The Star Trek inspiration

On Day 1, even before Amazon has done a full commercial roll-out of its voice assistant Alexa in India, it comes with 10,800 skills to be precise. When Alexa was launched in the US, it had started with only 13 skills. Skills are voice-based applications, like mobile apps, which allows users to operate an app using voice commands.

Steve Rabuchin, head of Alexa voice services and skills at Amazon had told Wired that the company was inspired by the Star Trek computer – to create Alexa in a way that a user could control everything around him through simple voice commands.

Amazon has already stitched partnerships with developers in India to integrate popular apps with the voice assistant. For travel, there is Ola, Goibibo, ixigo and Jet Airways. For food, there is Faasos, Zomato, Freshmenu, Sanjeev Kapoor, Tarla Dalal. For music, there is Saavn and Bollywood Hungama. For sports, it has ESPNCricinfo. For news and education, there is Times of India, NDTV, ABP Live, AajTak and Byju’s. For smarthome solutions, they have Syska and Silvan, and UrbanClap and Housejoy for handyman services.

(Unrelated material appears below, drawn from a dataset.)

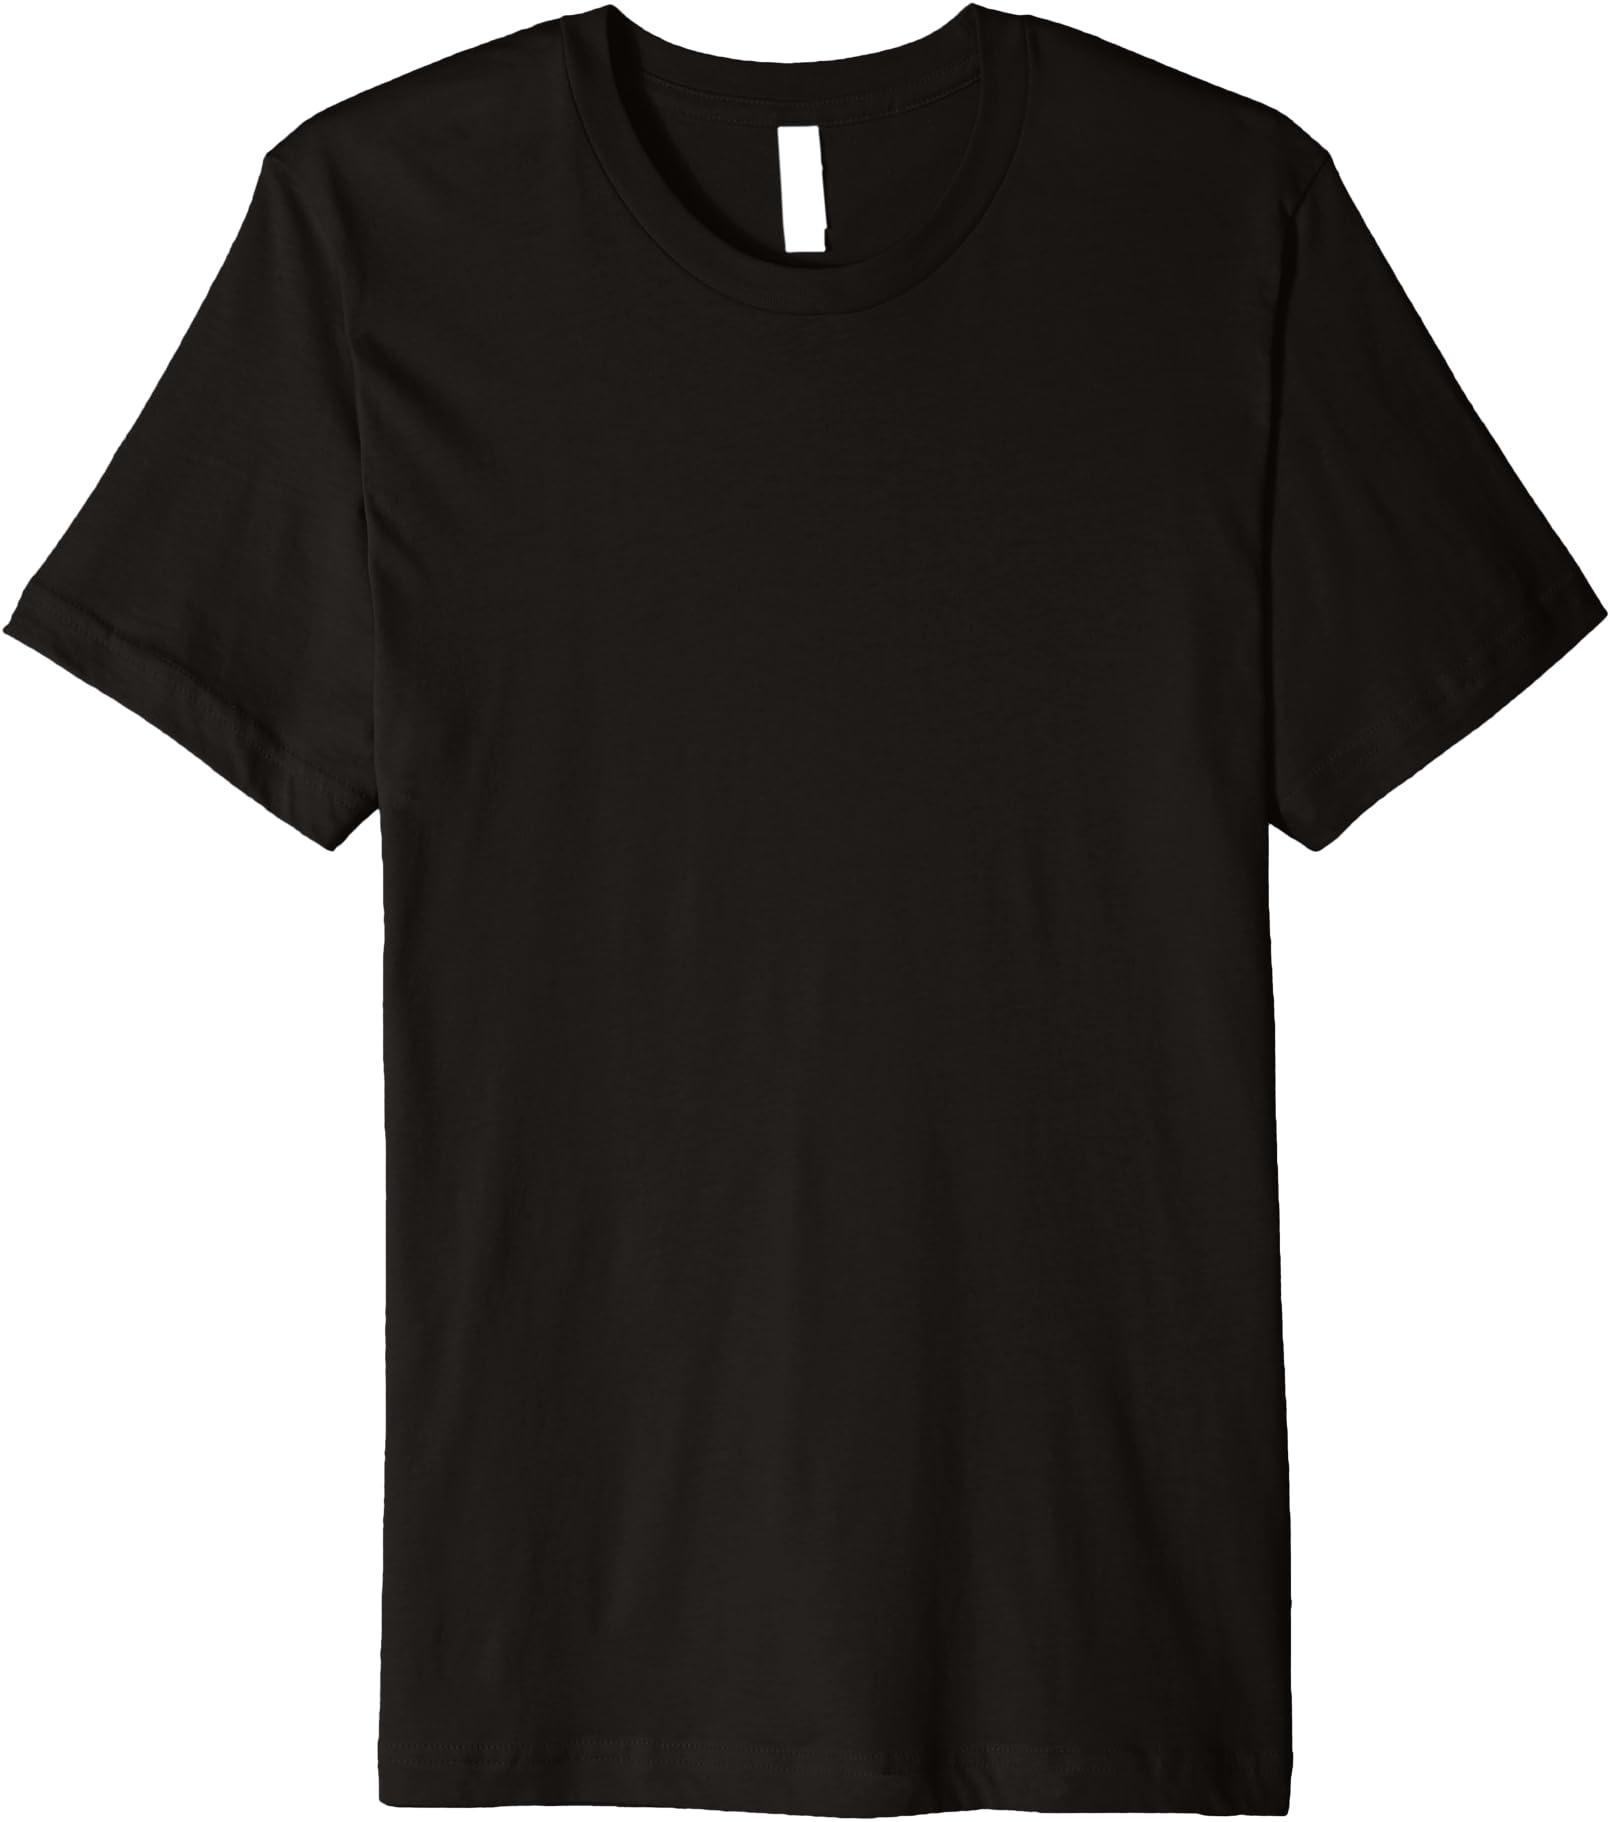 Made In USA Atlanta Vintage Eagle T-shirt

Kumar says that it is very easy to integrate Alexa. “We have had kids as young as 10 years old build a skill and people who are old without any tech knowledge to build a skill,” he says.

For Aloke Bajpai, CEO and co-founder of ixigo, Alexa is a good distribution platform. “Amazon is very aggressive and we expect that they would reach to up to a couple of million devices in a very short span of time,” he says.

But Bajpai is not limiting ixigo to Alexa – he is building his own voice assistant called Tara. “Alexa’s use is limited… you ask something and it responds. It needs to be proactive, it should be able to recommend things to you if a long weekend is coming up,” says Bajpai, but he agrees that with Google and Amazon putting its weight behind voice assistants, things are changing fast. “The voice synthesis has improved… At the base we are using their APIs,” he says.

For Aloke Bajpai, CEO and co-founder of ixigo, Alexa is a good distribution platform. “Amazon is very aggressive and we expect that they would reach to up to a couple of million devices in a very short span of time,” he says.

While learning furiously, there are human interventions in moulding the personality, too. “We personify Alexa by giving her characteristic attributes and personal preferences,” Kumar said on a follow-up email through a spokesperson. “She is also agnostic to religion, politically independent and a strong supporter of science, technology, innovation, diversity and social progressiveness.”

Can Alexa be a girl friend or a loyal companion? “We want Alexa to be the voice service, be a source of engagement and someone you can talk to in whichever situations you are going through,” says Kumar. “If you say ‘I am stressed out’, she will ask if you want to listen to some meditation music.”

For now, it doesn’t do much for FactorDaily’s mildly miffed geek, though.

 

This story was updated at 5.45 am on November 23, 2017 for typos and a link.

Disclosure: FactorDaily is owned by SourceCode Media, which counts Accel Partners, Blume Ventures and Vijay Shekhar Sharma among its investors. Accel Partners is an early investor in Flipkart. Vijay Shekhar Sharma is the founder of Paytm. None of FactorDaily’s investors have any influence on its reporting about India’s technology and startup ecosystem.